The king thought Elisha had been wrong

2 Kings Bible Background

05.13.2018 – Old Testament: 2Ki 6.30–33

To read the Bible in a year, read Second Kings 6–8 on May 13, In the year of our Lord 2018

By Don Ruhl

Elisha had taken the entire blind Syrian army and brought them inside the city of Samaria. The king of Israel wanted to kill them, but Elisha reasoned that the king would not have killed them if he had taken them captive in battle. Therefore, Elisha told the king to feed the Syrian army and then to let them go.

Later the Syrians attacked Israel, besieging Samaria, cutting off all their sustenance, causing massive starvation inside the city. After a woman explained to the Israelite king how she and another woman had planned on eating their sons, but that the second woman hid her son, the king wanted to take action:

Now it happened, when the king heard the words of the woman, that he tore his clothes; and as he passed by on the wall, the people looked, and there underneath he had sackcloth on his body. Then he said, “God do so to me and more also, if the head of Elisha the son of Shaphat remains on him today!” But Elisha was sitting in his house, and the elders were sitting with him. And the king sent a man ahead of him, but before the messenger came to him, he said to the elders, “Do you see how this son of a murderer has sent someone to take away my head? Look, when the messenger comes, shut the door, and hold him fast at the door. Is not the sound of his master’s feet behind him?” And while he was still talking with them, there was the messenger, coming down to him; and then the king said, “Surely this calamity is from the LORD; why should I wait for the LORD any longer?” (2 Kings 6.30–33).
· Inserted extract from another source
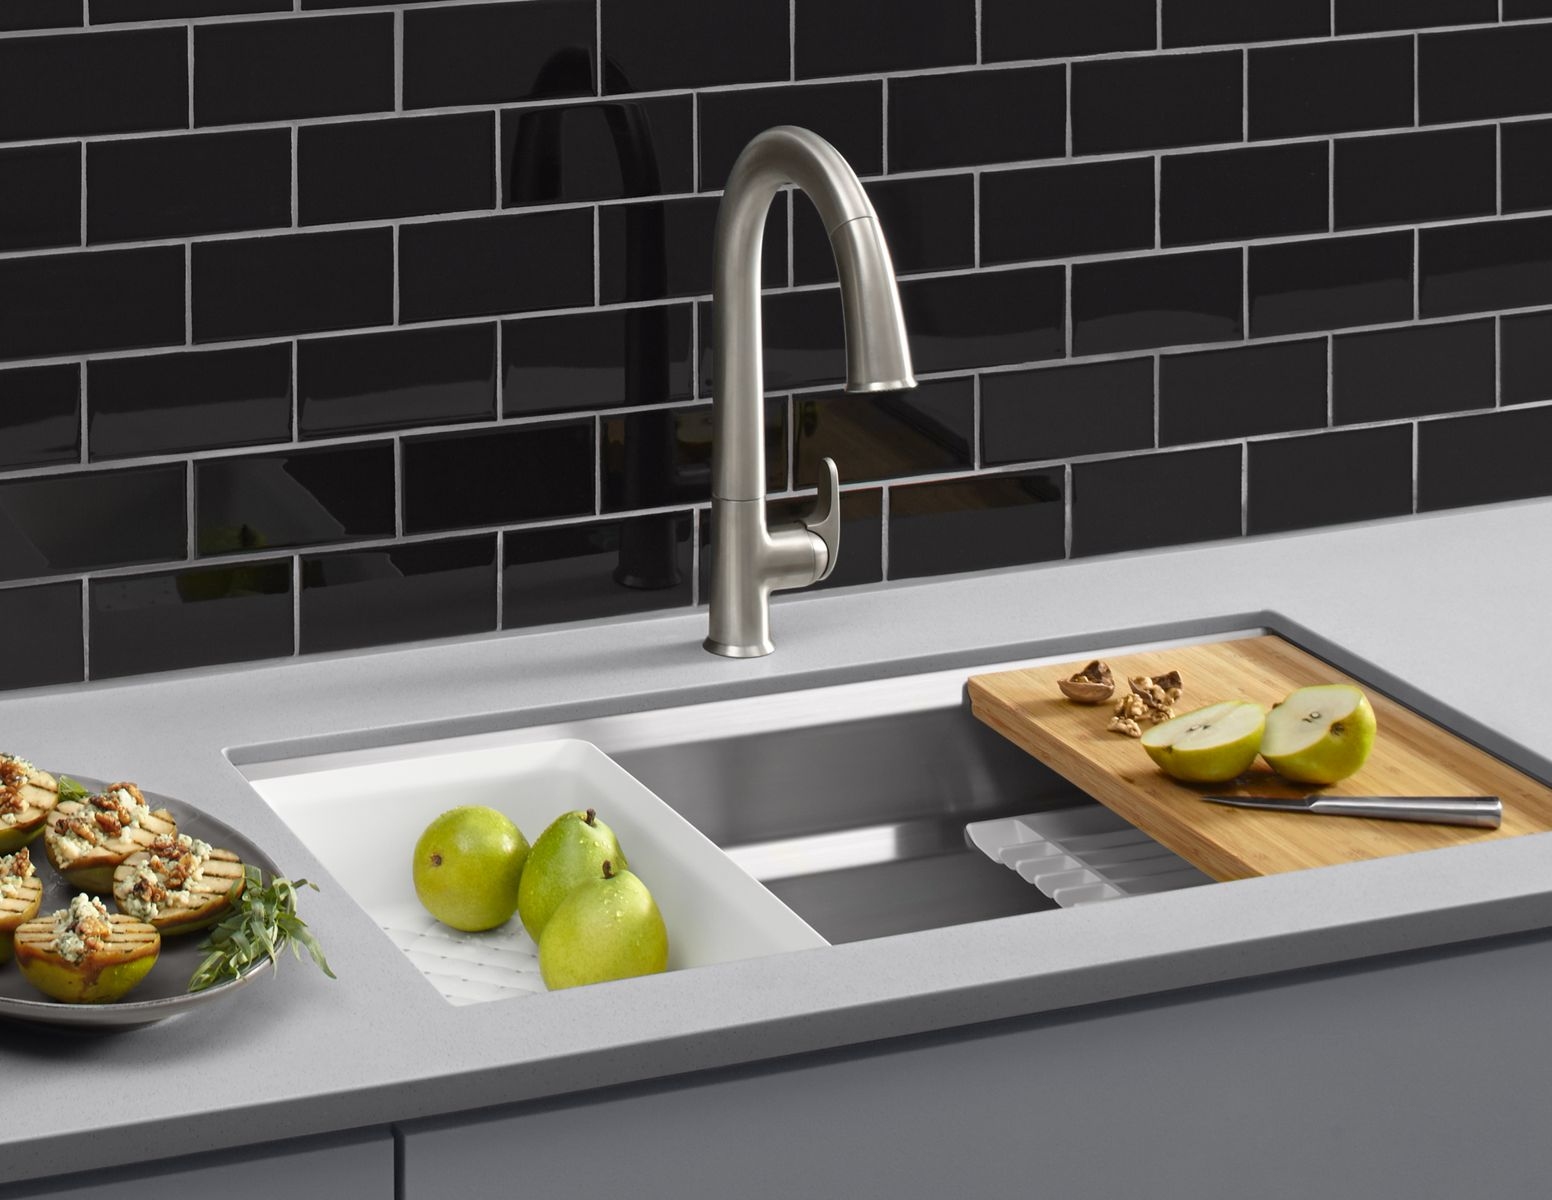 Kohler toilets showers sinks faucets and more for - Losas de cocina ...

Why did the king want to kill Elisha? Well, the king had released this very army at the insistence of Elisha. Therefore, the king of Israel believed that their distress would not have happened if the prophet had let the king kill the Syrians earlier.

However, the problem was not that he did not get to kill the Syrians, but that he and Israel had continued to sin against the Lord. If we are guilty of sin, we can only blame ourselves when the Lord makes our lives difficult.

Questions:

  • Have you blamed others when you should have taken responsibility?
  • Is it ever wrong to do good works to enemies?